*Assigned task*. Although the data below contains pictures, please reproduce only its words, exactly.

(Beginning of Dataset content)

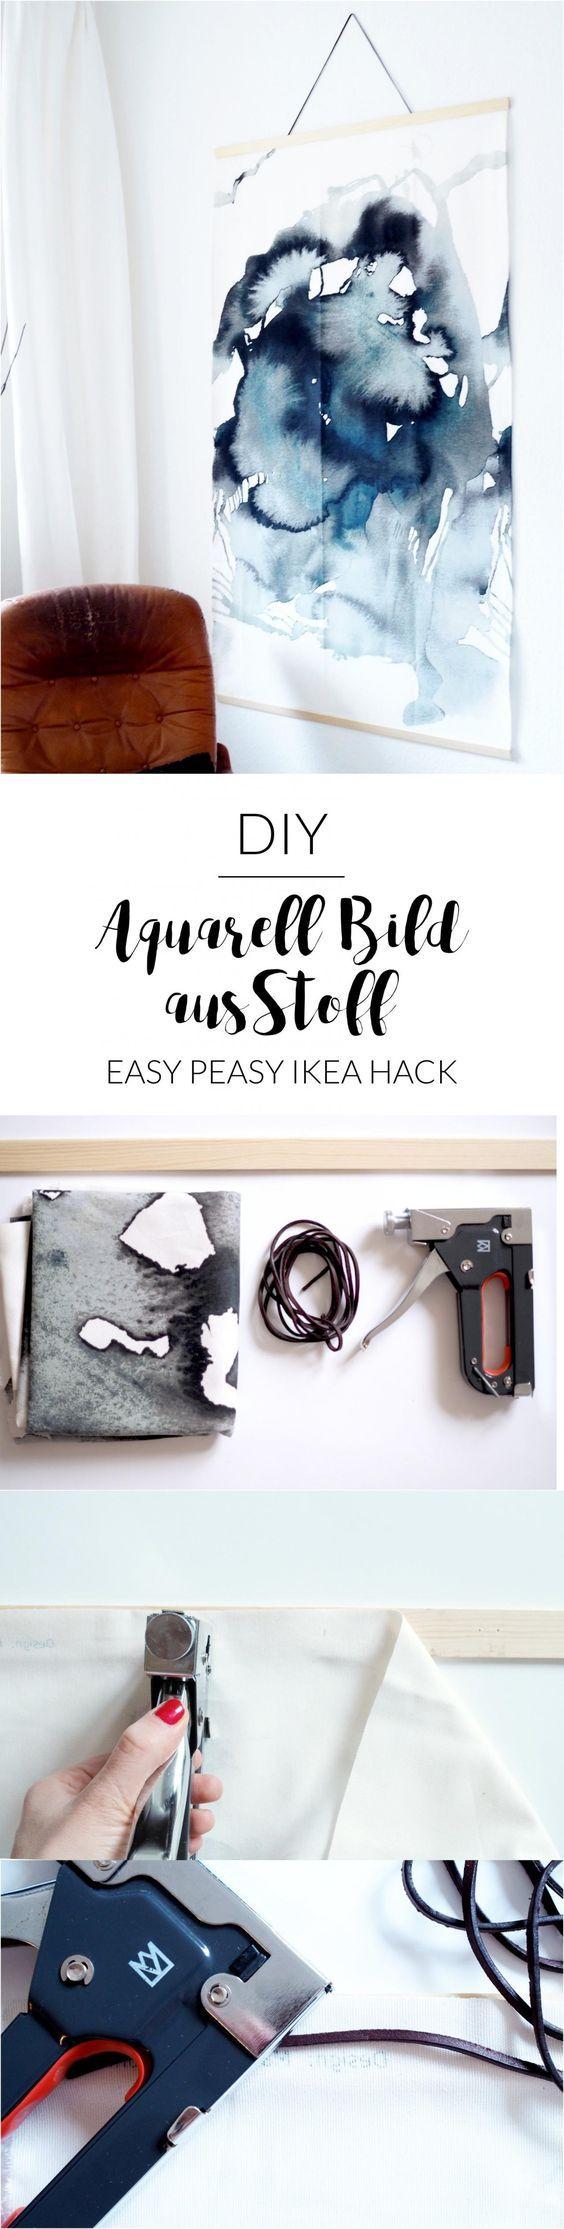 IKEA Hack: DIY-Aquarell-Bild im Großformat | Wall Hanging | selbstgemacht | Wandbild Großformat aus Stoff | | Bild selber machen | Kunst | Aquarell Bild gestalten | Anleitung | Tutorial | Skandinavisch wohnen | skandinavisch einrichten | kreativ wohnen | kreativ einrichten | paulsvera
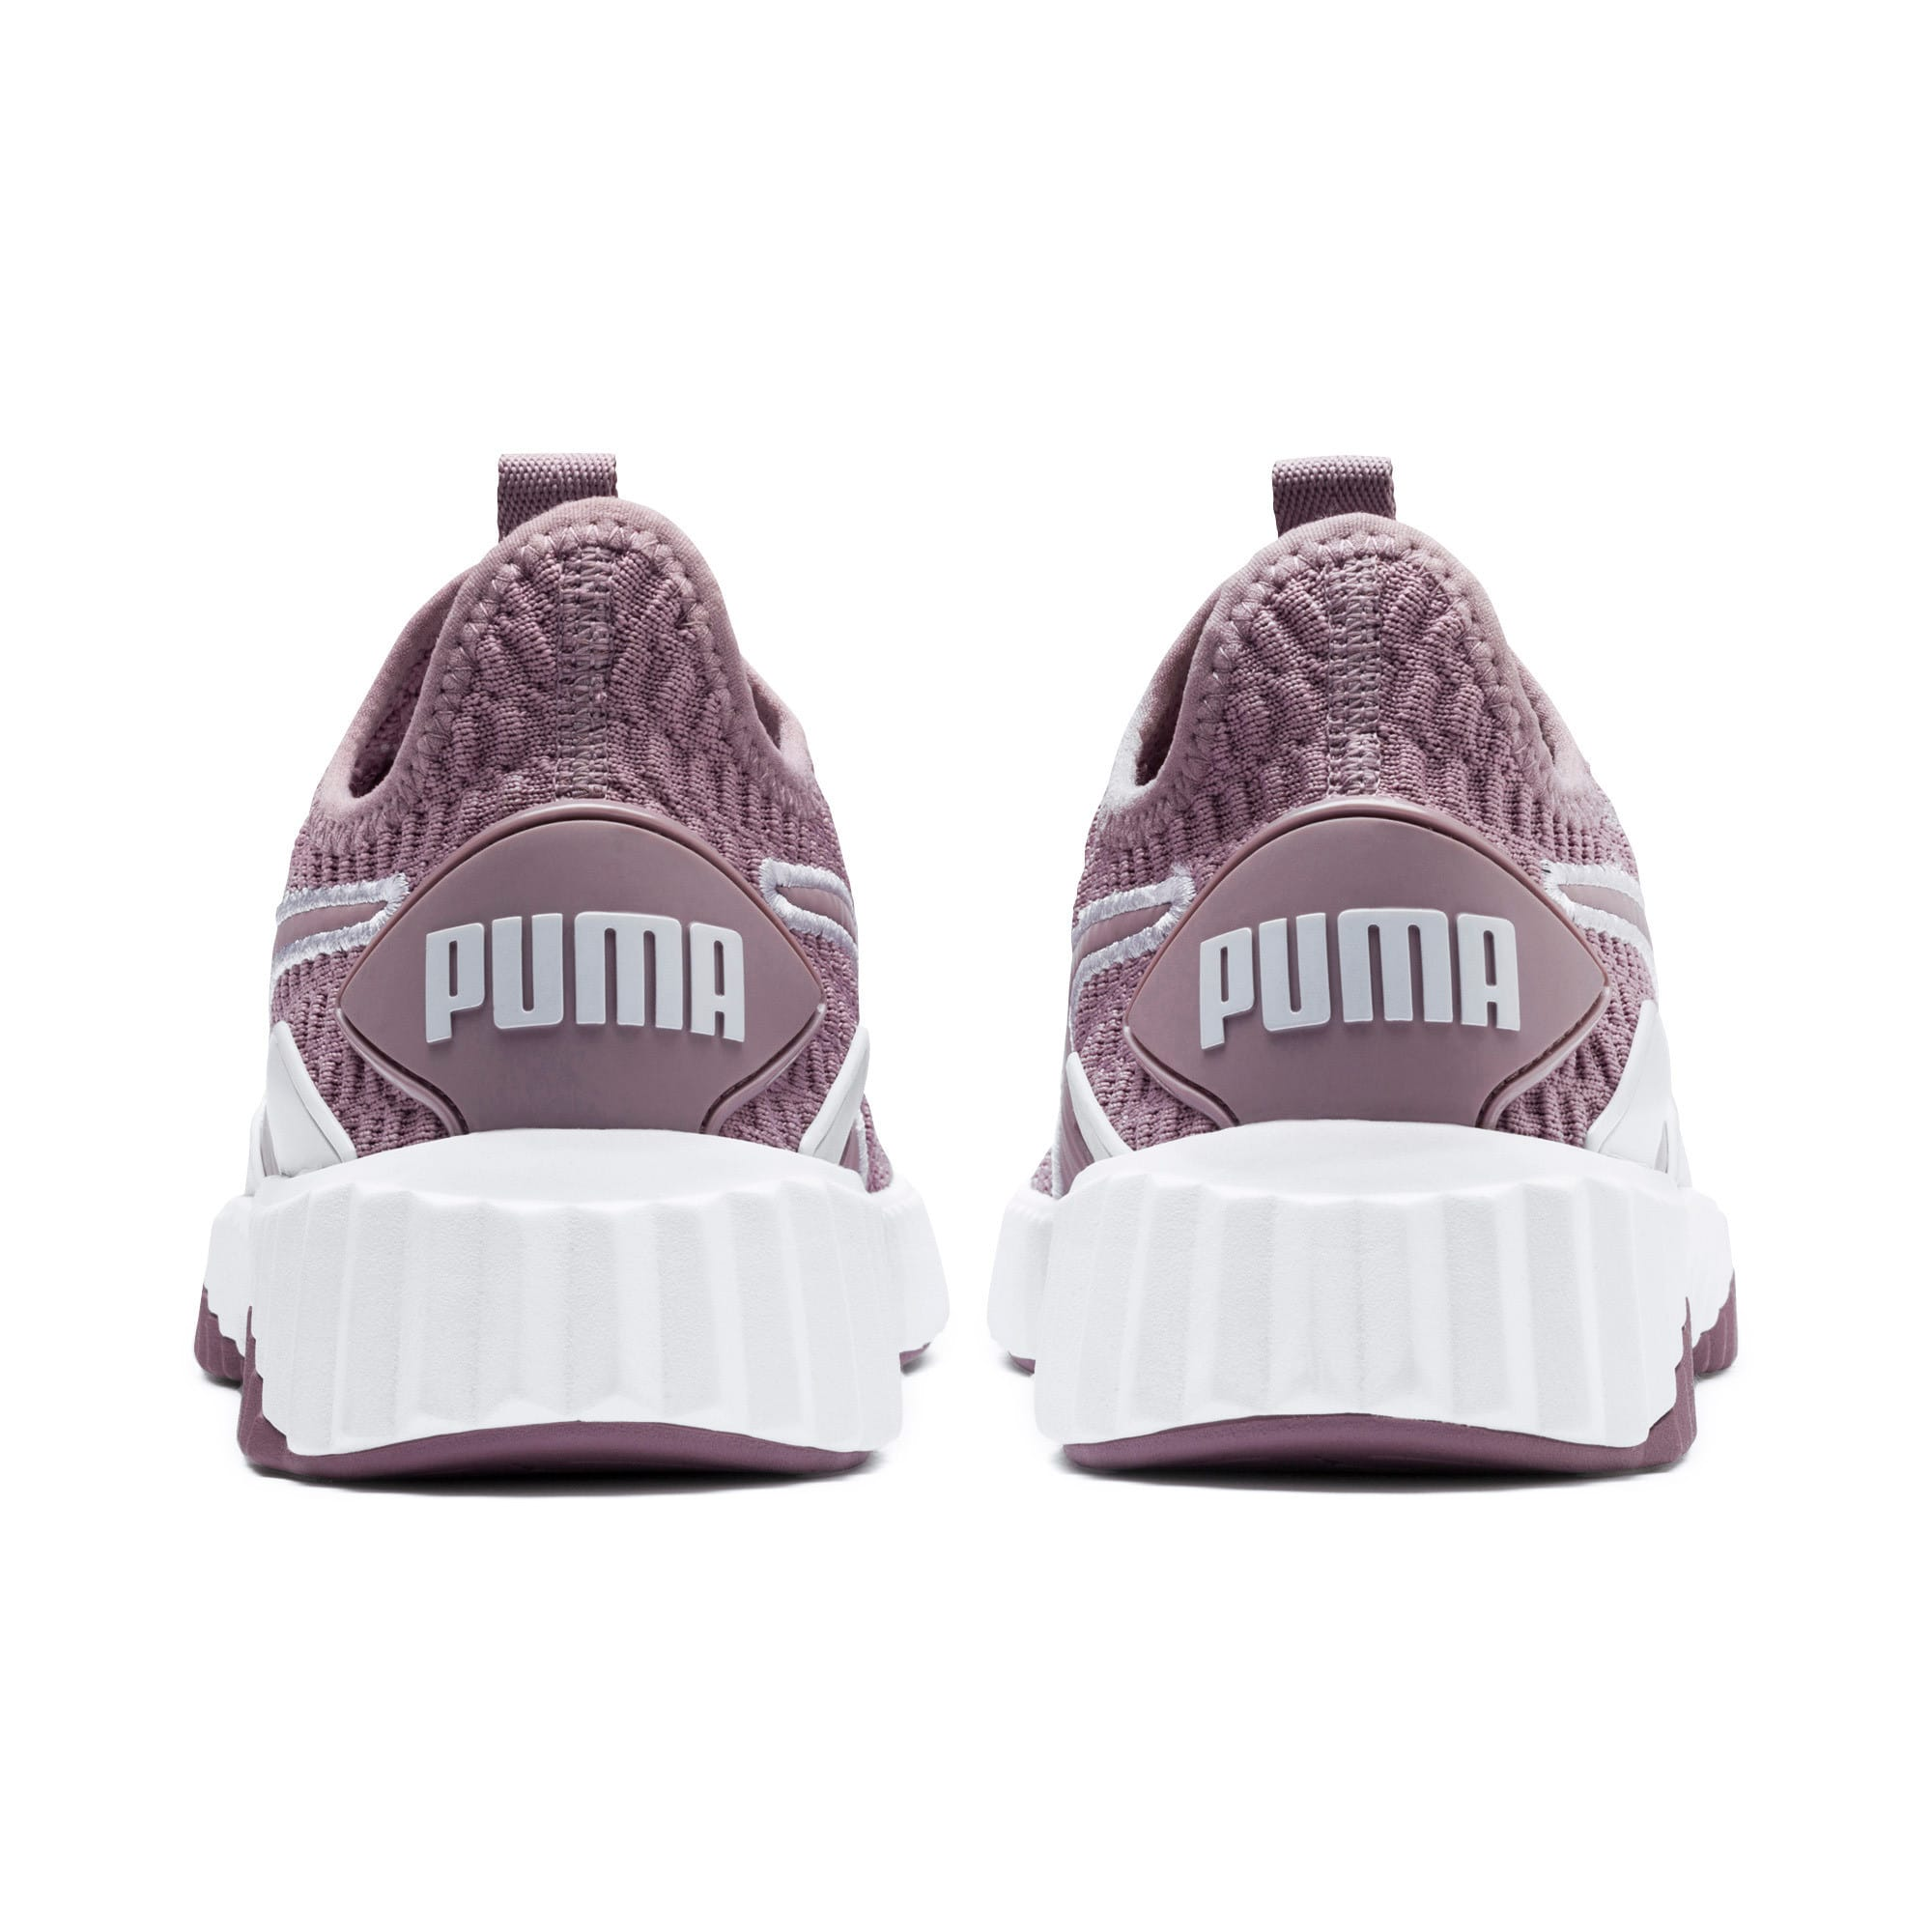 Thumbnail 4 of Defy Women's Training Shoes, Elderberry-Puma White, medium
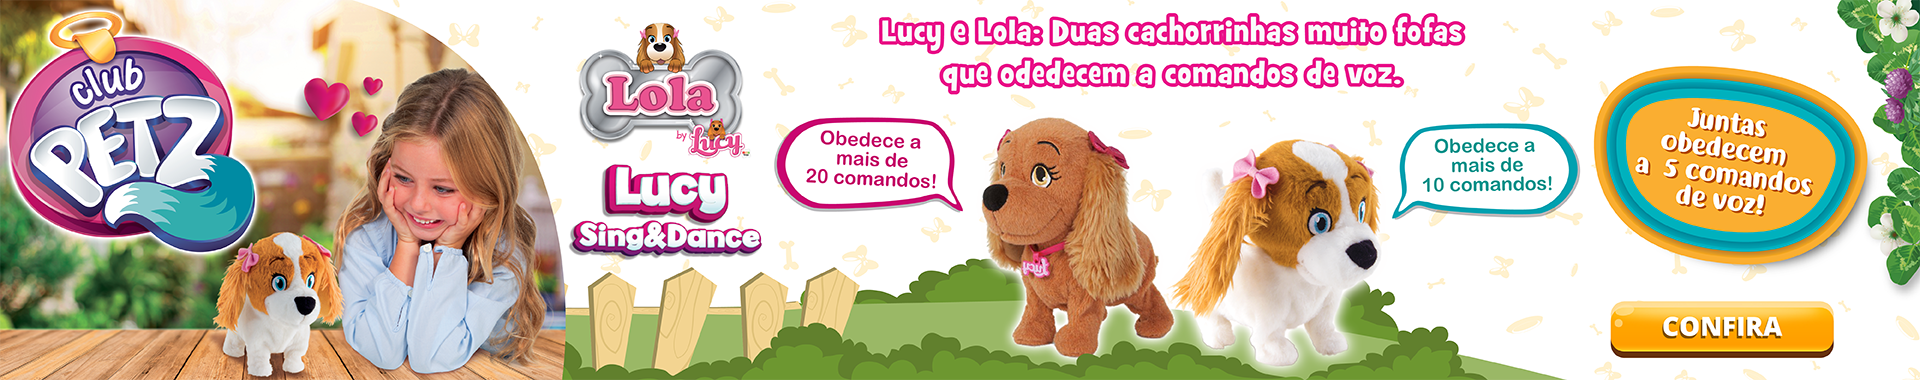 Lucy e Lola

(End of Dataset content)

*Output*.
 IKEA Hack: DIY-Aquarell-Bild im Großformat | Wall Hanging | selbstgemacht | Wandbild Großformat aus Stoff | | Bild selber machen | Kunst | Aquarell Bild gestalten | Anleitung | Tutorial | Skandinavisch wohnen | skandinavisch einrichten | kreativ wohnen | kreativ einrichten | paulsvera
 Thumbnail 4 of Defy Women's Training Shoes, Elderberry-Puma White, medium
 Lucy e Lola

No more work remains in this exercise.